Sometimes a judge will indicate how much time he or she will sentence a defendant to in county jail or in state prison and then grant defendant a few weeks to get his or her “affairs” in order before being actually sentenced. Defendant must then enter his or her plea and agree not to withdraw the plea later.
He or she must also already be out of custody on bail. Such a delay in starting the sentence is to allow defendant to get one’s affairs in order would not apply to someone who is already in custody who did not post bail.
“Getting one’s affairs in order” may mean moving one’s furniture to storage, turning off the utilities to one’s home, letting one’s employer know that he or she will be leaving, arranging for someone else to take care of one’s children or adult dependents, have someone receive one’s mail and pay one’s bills, etc. It may involve signing a power of attorney to let someone else take care of one’s finances.
This delay in starting the time (a stay of execution of the sentence) may also be to allow defendant more time out of custody to see one’s child graduate high school or college before beginning to serve the time.
The delay in the actual sentencing is called “a stay” in sentencing.
The judge may not condition the stay by warning defendant that failure to appear later for sentencing and then to begin serving the sentence will be punished by an additional term of imprisonment. People v. Gooch (1995) 33 Cal.App.4th 1004. Instead, the judge will typically ask the defendant to acknowledge on the record that if he or she fails to appear at a later date for sentencing, the judge’s promise of a certain length of time in custody.
The judge will also tell defendant that if defendant picks up a new case (i.e. is arrested on a new charge and is so charged), the judge’s promise of a certain sentence at sentencing will be withdrawn. This is especially relevant if defendant is being sentenced in the future for a drug offense, an alcohol-related offense, a sex offense, a gang-related offense or domestic violence and it is strongly suspected that during the time between the plea and sentencing, defendant may reoffend.
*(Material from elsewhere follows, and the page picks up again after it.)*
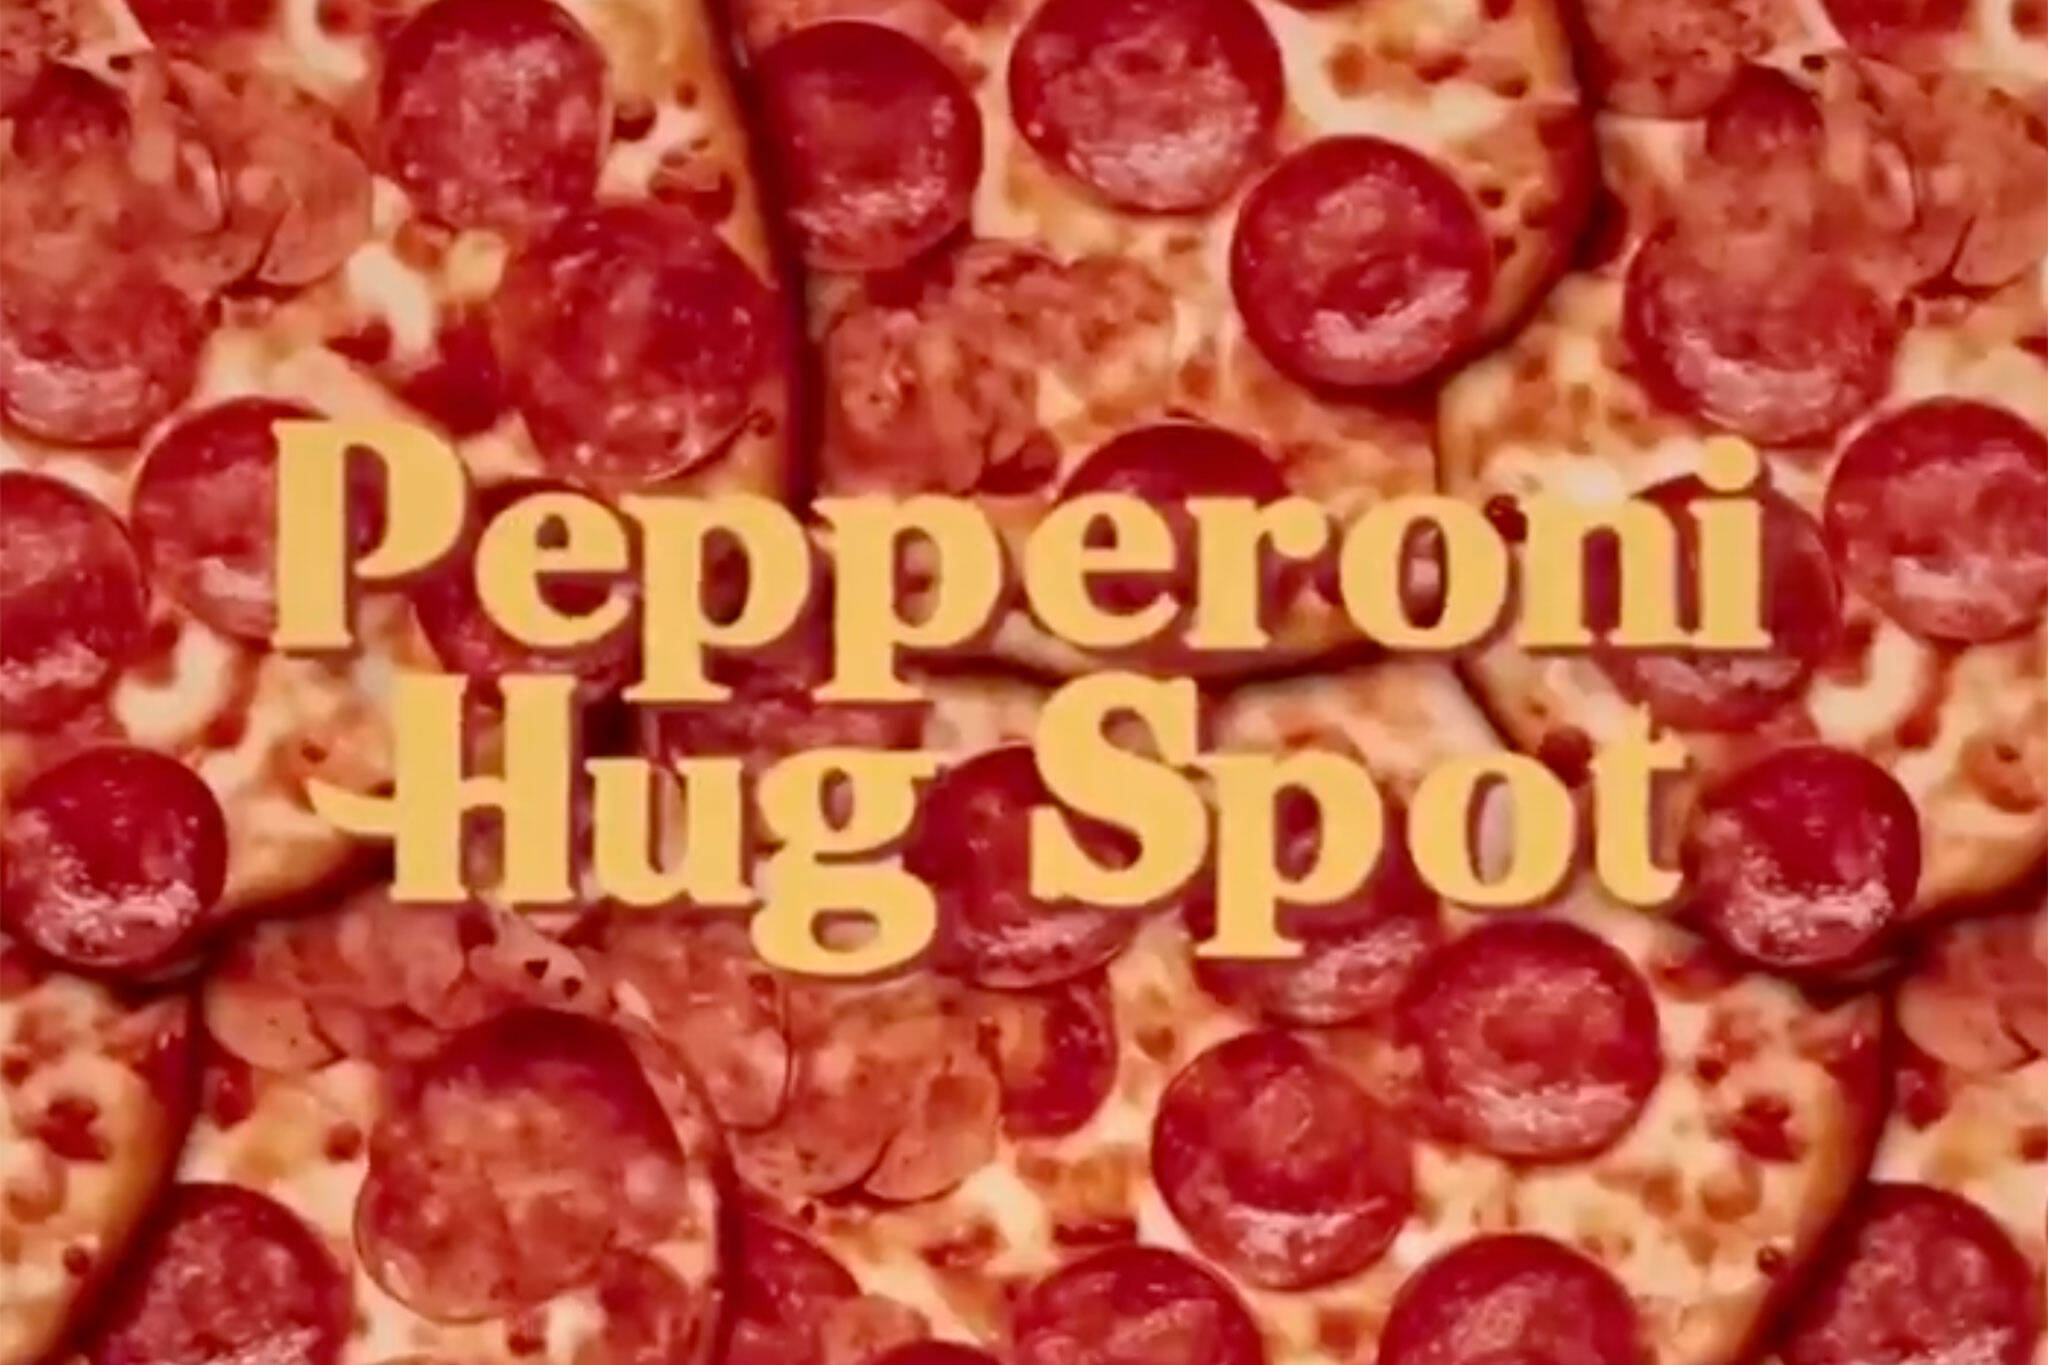 pepperoni hug spot

The judge is statutorily only authorized only to vacate the previously imposed sentence and permit defendant to withdraw the plea, or to reduce the initial sentence. The judge cannot threaten to increase the sentence. People v. Gooch, supra. However, by stating to defendant that his promise of a certain sentence length will be vacated, it is implied strongly that the sentence will increase up to the maximum allowed for the plea.
In this context, a defendant may enter a waiver of the right to have the sentence imposed immediately by agreeing to a sanction (extra punishment, i.e. extra time in jail or prison) for nonappearance and disallowing the withdrawal of a plea. People v. Cruz (1988) 44 Cal.3d 1247, 1250; see e.g. People v. Vargas (1990) 223 Cal.App.3d 1107 (agreed-upon increased sentence if defendant failed to appear at sentencing proper when supported by waivers under Cruz; sometimes referred to as “Vargas” waivers). Other times, a defendant is sentenced to a greater term that will be reduced at the agreed-upon sentence date. People v. Carr (2006) 143 Cal.App.4th 786.
In twenty-one years of practice, I have only seen a Cruz waiver become a problem twice. In one case, my client agreed to put over sentencing a few weeks to get his affairs in order. He then never showed up for sentencing and it was strongly suspected that he simply fled the United States for his birth country. A bench warrant was issued for him and, eventually, if he ever returns to the United States, he may be taken into custody at customs or in any further contact with law enforcement here.
In a second case, my client sadly was being sentenced for a felony DUI, his fourth DUI. The client then entered his plea and waived his right to be sentenced forthwith under Cruz. The judge agreed to allow him thirty days to get his affairs in order prior to starting a two-year sentence in state prison. Despite having a SCRAM (secure continuous remote alcohol monitoring) device on his ankle, he consumed alcohol during the thirty-day period and was arrested again for DUI. I was notified of his arrest well prior to the 30-day period expiring and the judge did indeed increase our client’s sentence.